Weeks later the ship with Dracula's belongings arrives in London, but all the
crew has mysteriously died, & the only survivor, Renfield, has gone
completely mad. & since he is quite so mad, he is put into doc Seward's (José
Soriano Viosca) sanitarium. But as fate has it, the sanitarium is next doors to
Carfax Abbey, where Dracula has put up shop, & when socialising with doc
Seward, he meets Seward's daughter Eva (Lupita Tovar) & her best friend
Lucia (Carmen Guerrero) ... & before long, Lucia, who has definitely fallen
for the Count, ends up sucked dry of all blood, & Eva is feeling a little
anaemic , too.

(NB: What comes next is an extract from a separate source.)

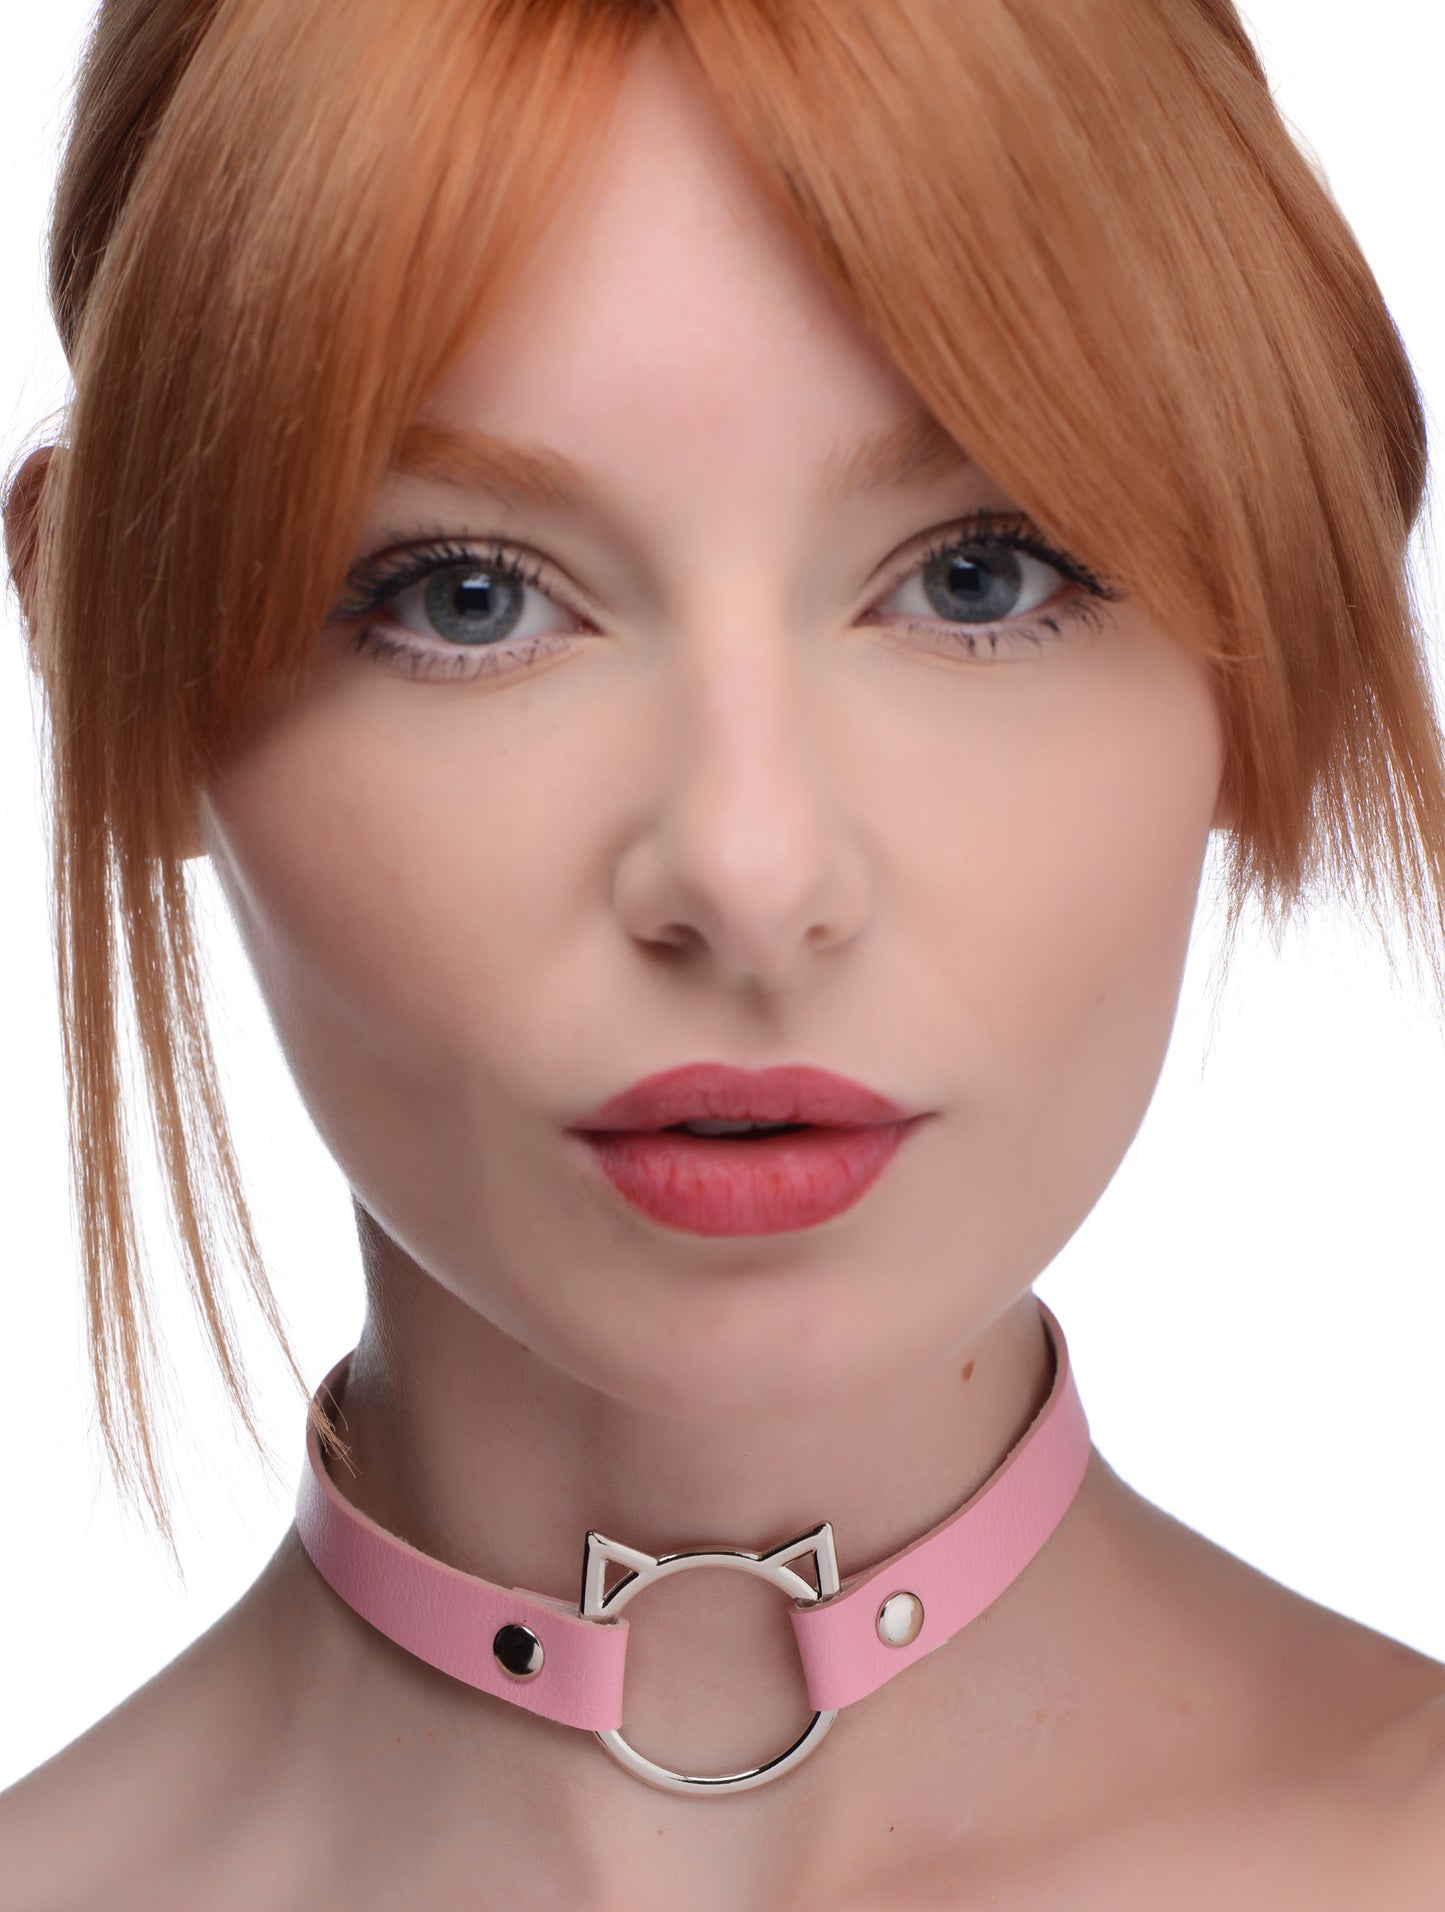 This slim and naughty Kinky Kitty Ring Choker is sure to bring out your wild side. Adjust the snap buttons for the purrrfect fit and enjoy the lightweight PU leather material that feels soft on the skin. The nickel-free metal hardware is tough enough to withstand light pulls and the slim band adds a subtle but delicious BDSM touch.

But doc Seward, Eva's fiancé Juan Harker (Barry Norton) &
the famed expert in vampirism Van Helsing (Eduardo Arozamena) put an end to the
Count's evil deeds by staking him ... For many, this version is the
better of the 2 1931-Universal Draculas, but I have to confess it pretty
much eludes me why: The Transylvania scenes from Browning's Dracula,
which are the best scenes of that movie, are repeated here rather
unimaginatively shot-by-shot, but it soon becomes clear that Carlos Villarias
& Pablo Álvarez Rubio as Dracula & Renfield are only very poor
substitutes for Bela Lugosi & Dwight Frye & the scenes suffer
considerabl from their bad acting. When the action shifts to England, slight
improvements over the Browning version are made in the much livelier portrayal
of Mina (here called Eva) Harker by Lupita Tovar - as compared to the rather
sttiff & bloodless acting of Helen Chandler. Unfortunately on the other
hand the film runs half an hour longer - which makes this film even more talky
than its English language-counterpart, while little is gained in terms of
storytelling or chracter development.